■ Directions for this task
Transcribe the data that follows without changing a word, and omit the pictures.

■ Raw data
:::

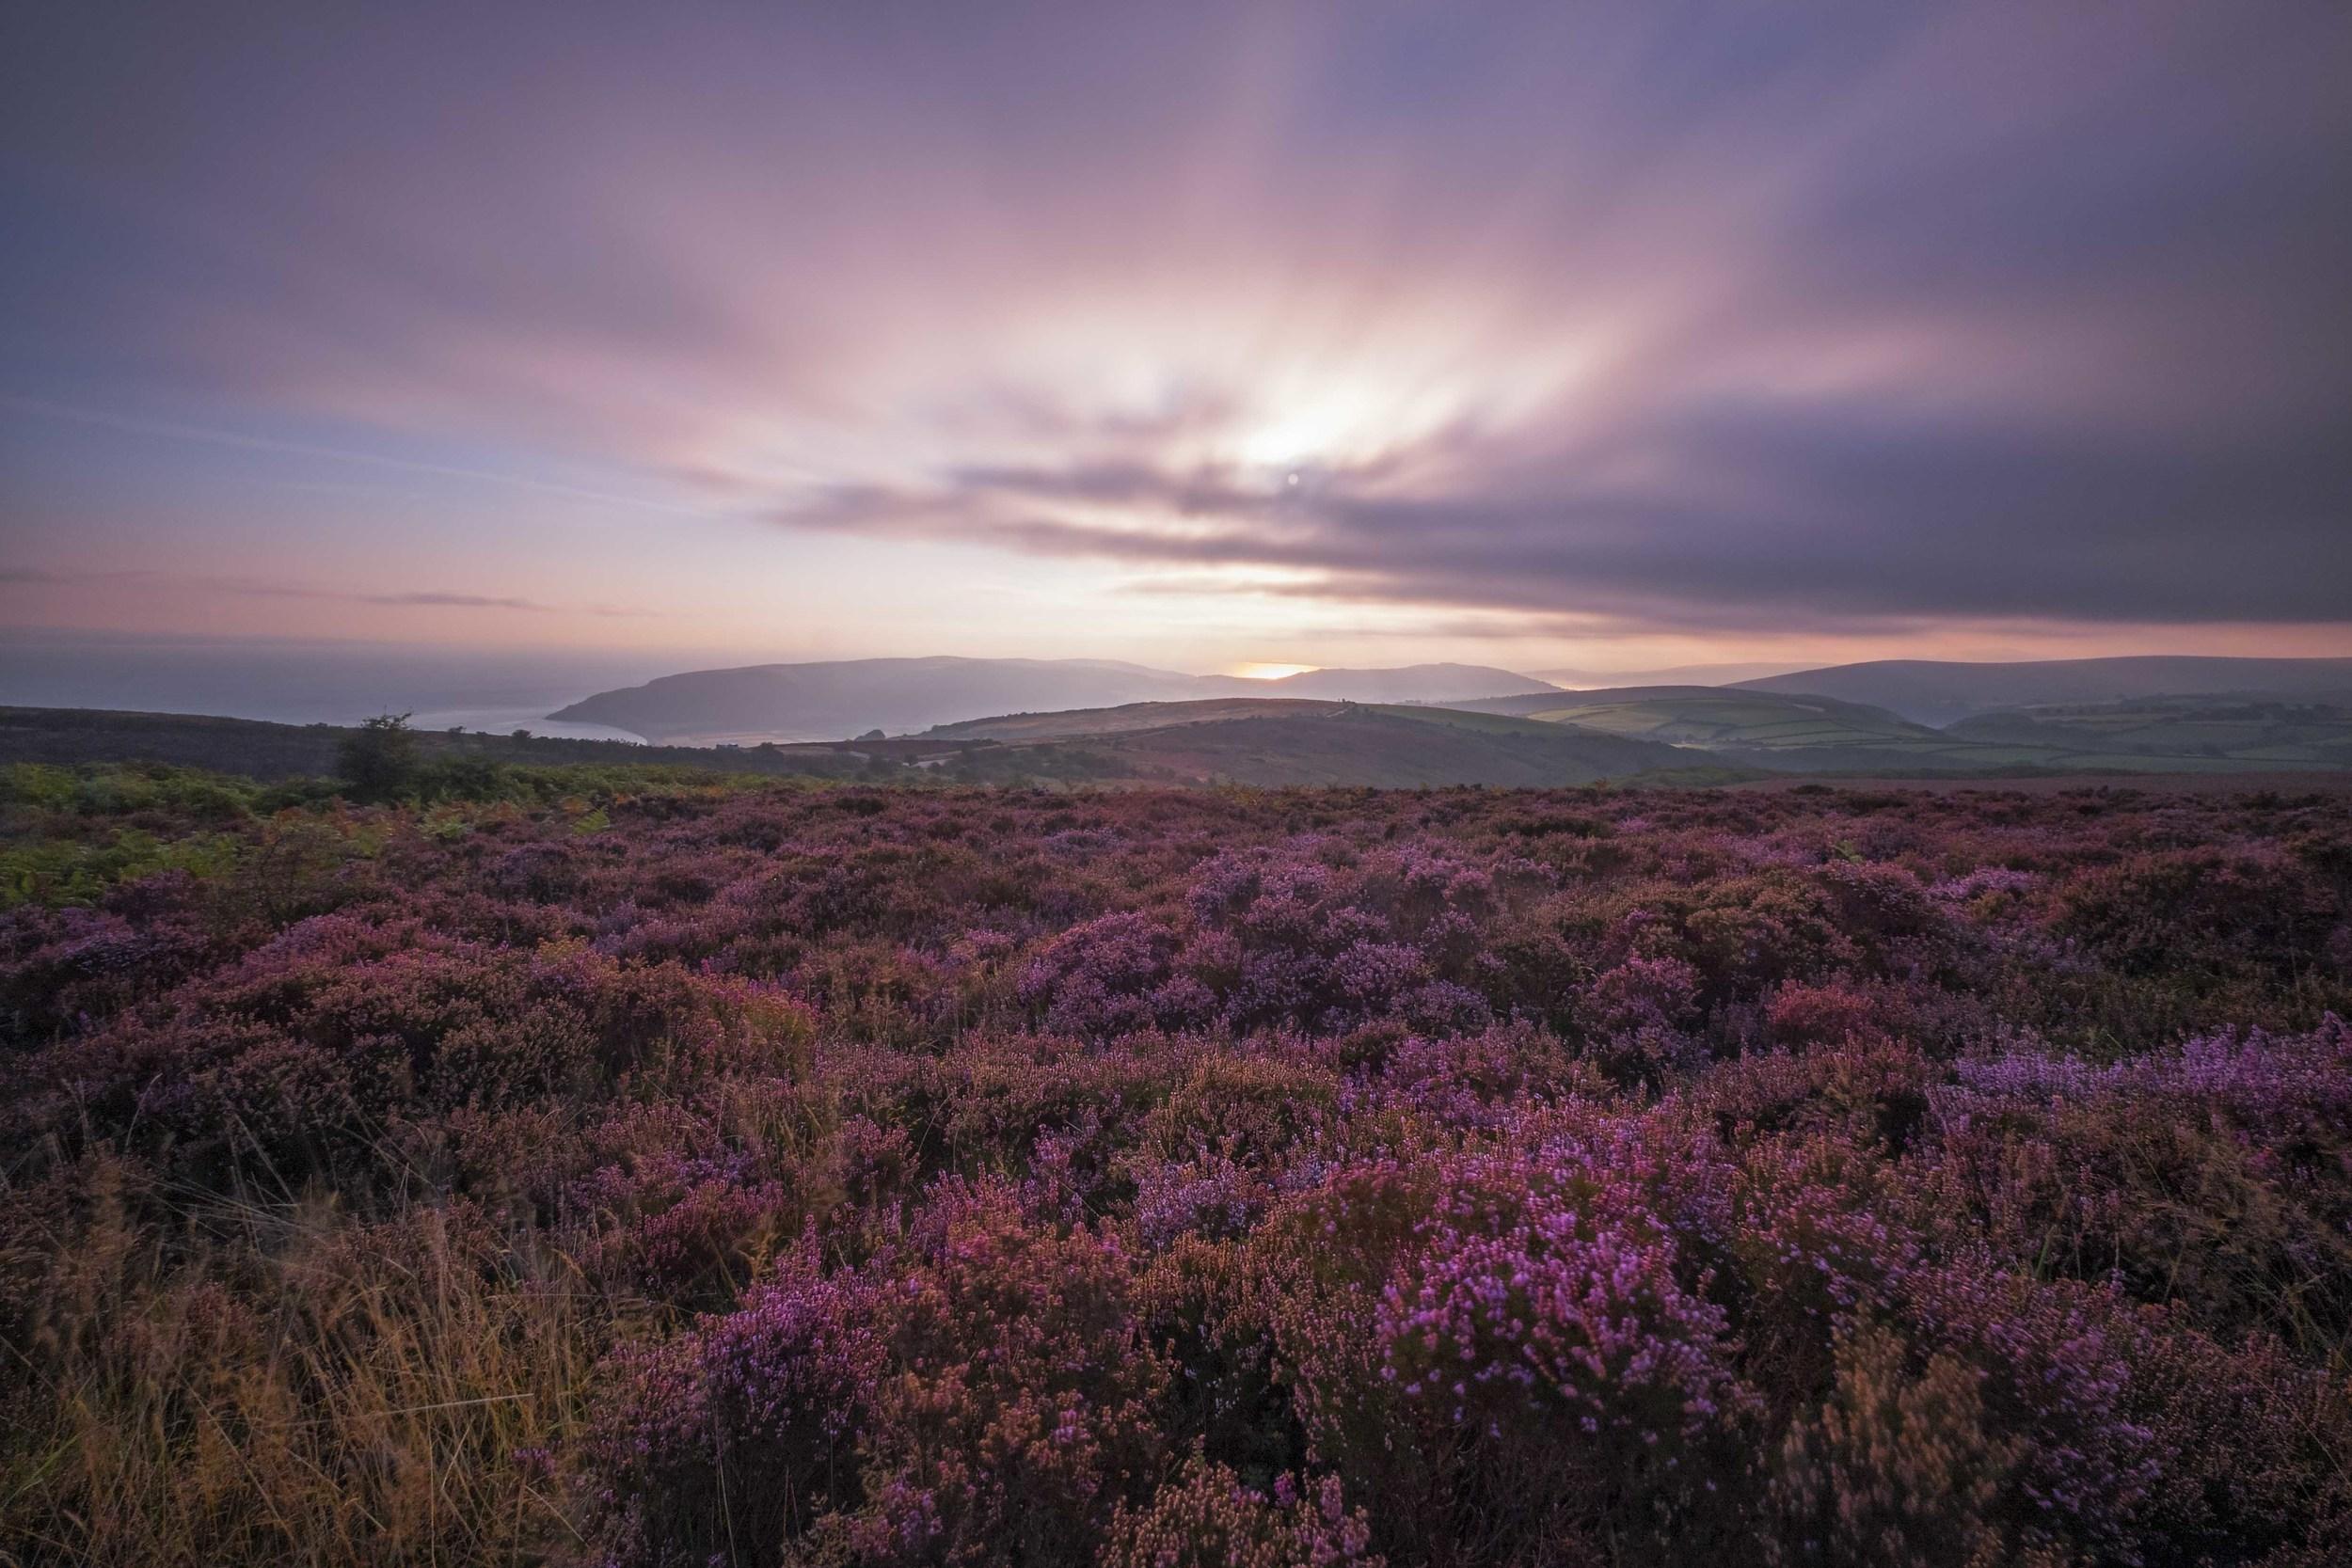 """Purple Haze"" - Exmoor, Devon, England Fujifilm X-T1 + 10-24mm f/4 OIS @ f/10. 20 Seconds."
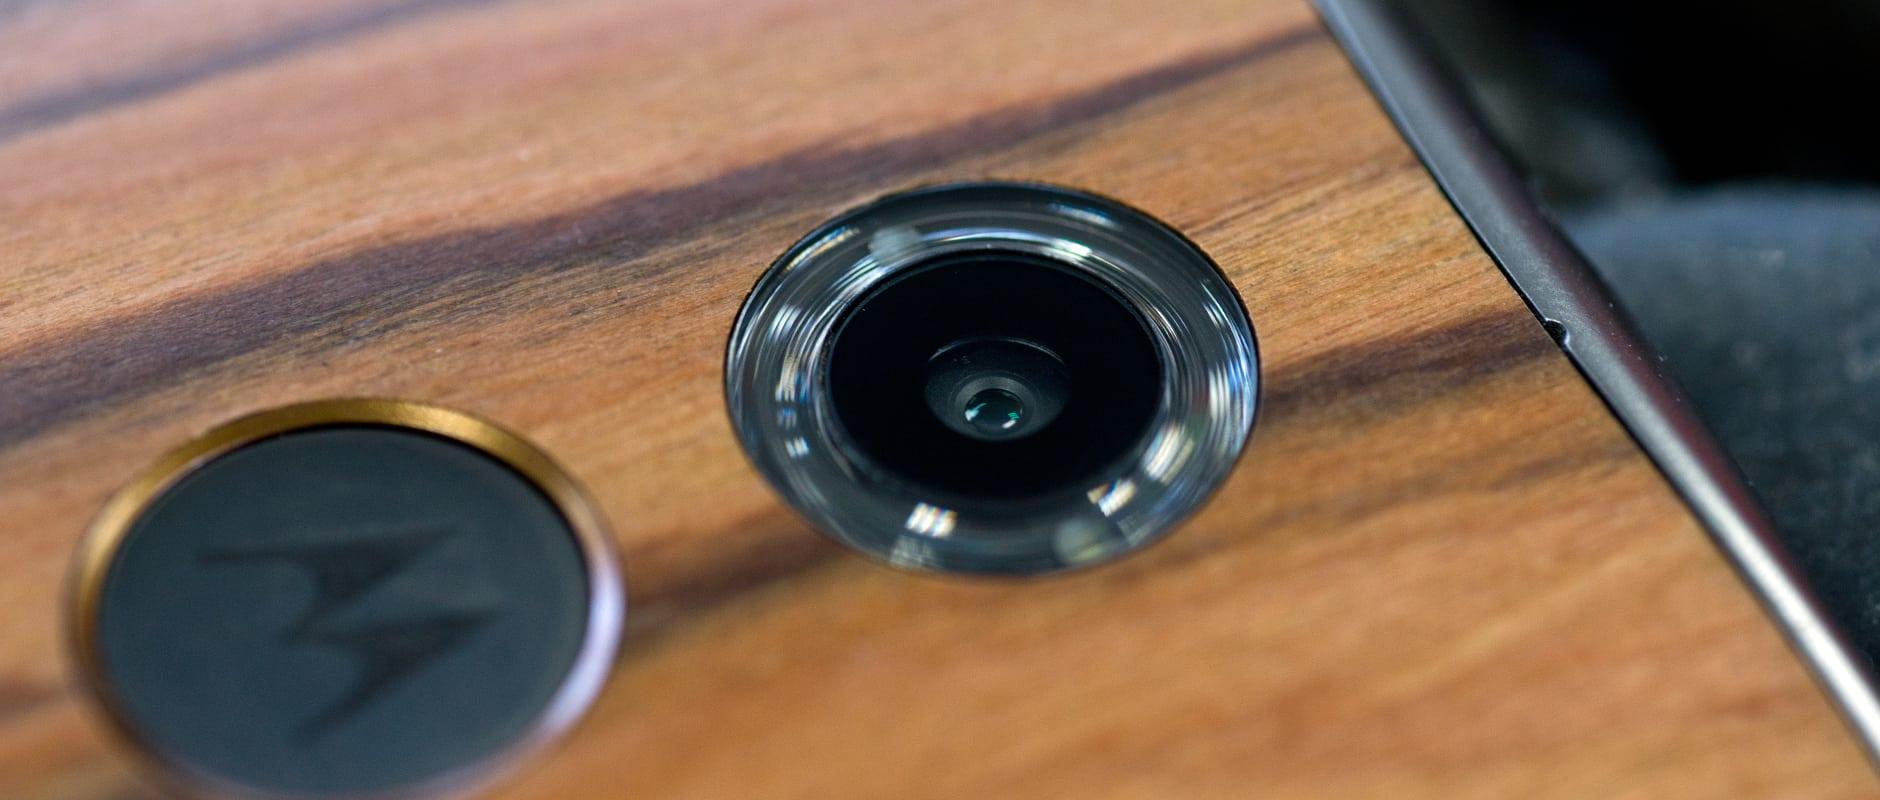 The rear camera of the Motorola Moto X (2014 edition)
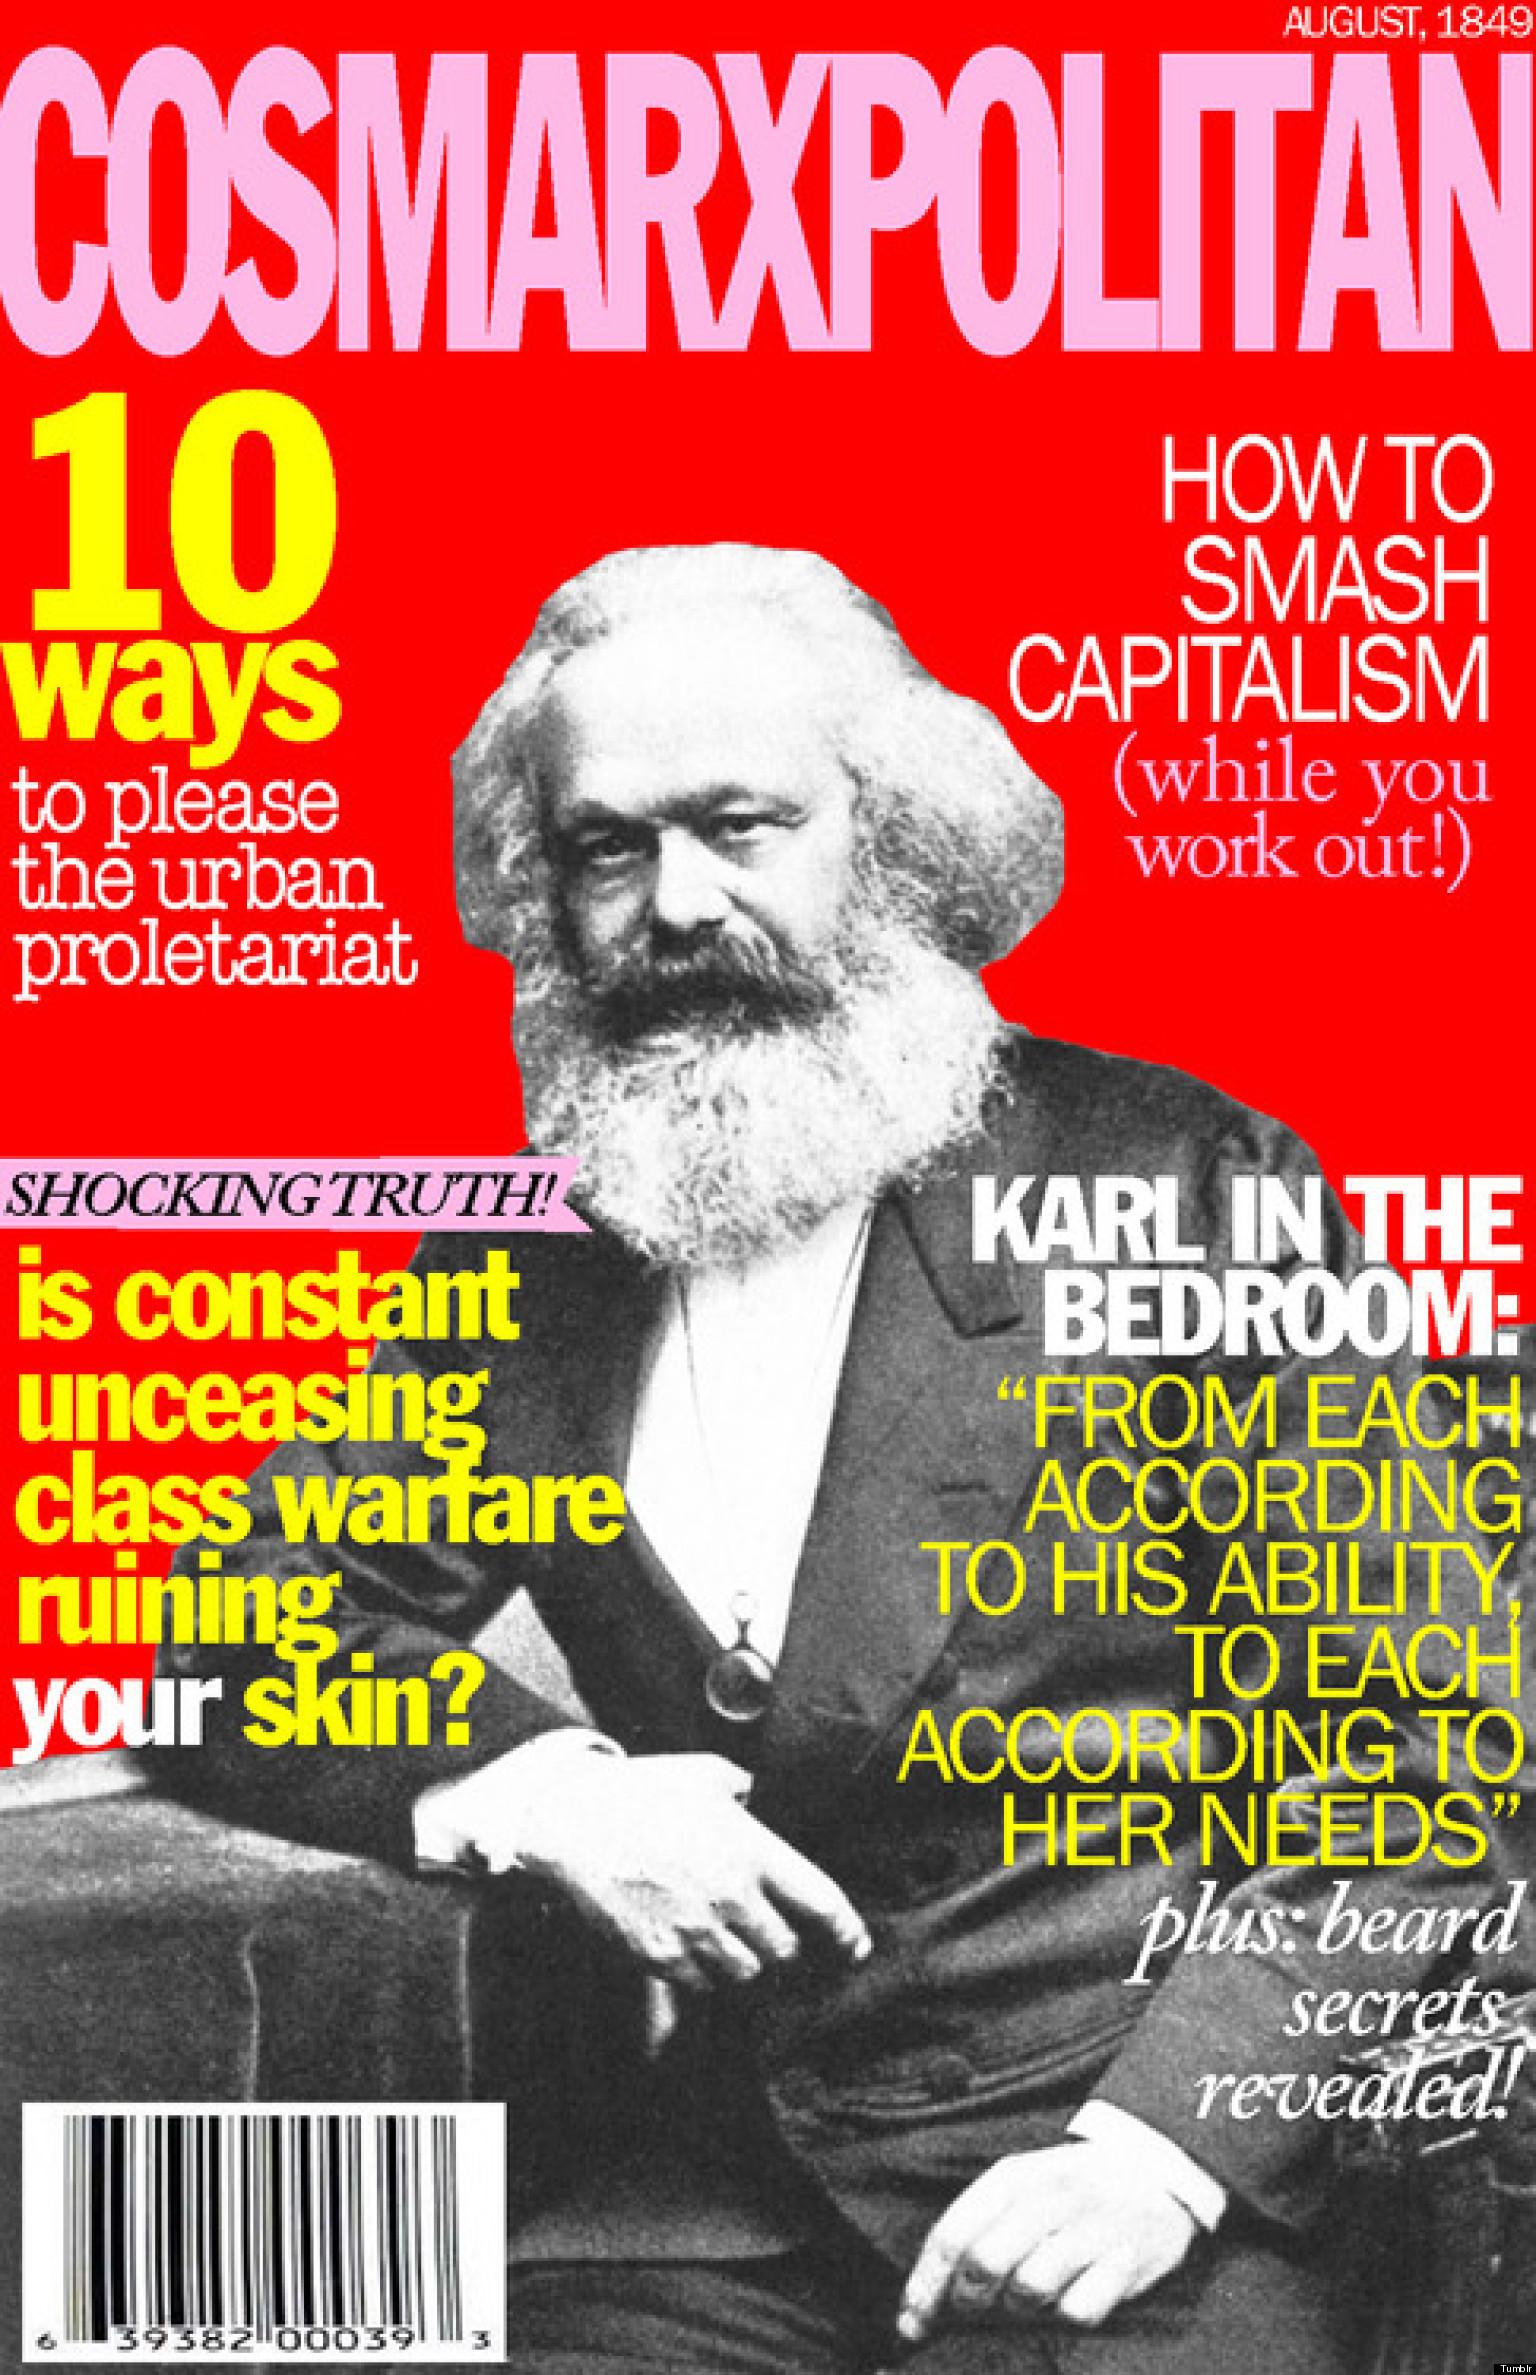 Cosmarxpolitan Tumblr Imagines Marxist Cosmopolitan Magazine Covers

:::

■ Response box
 """Purple Haze"" - Exmoor, Devon, England Fujifilm X-T1 + 10-24mm f/4 OIS @ f/10. 20 Seconds."
 The rear camera of the Motorola Moto X (2014 edition)
 Cosmarxpolitan Tumblr Imagines Marxist Cosmopolitan Magazine Covers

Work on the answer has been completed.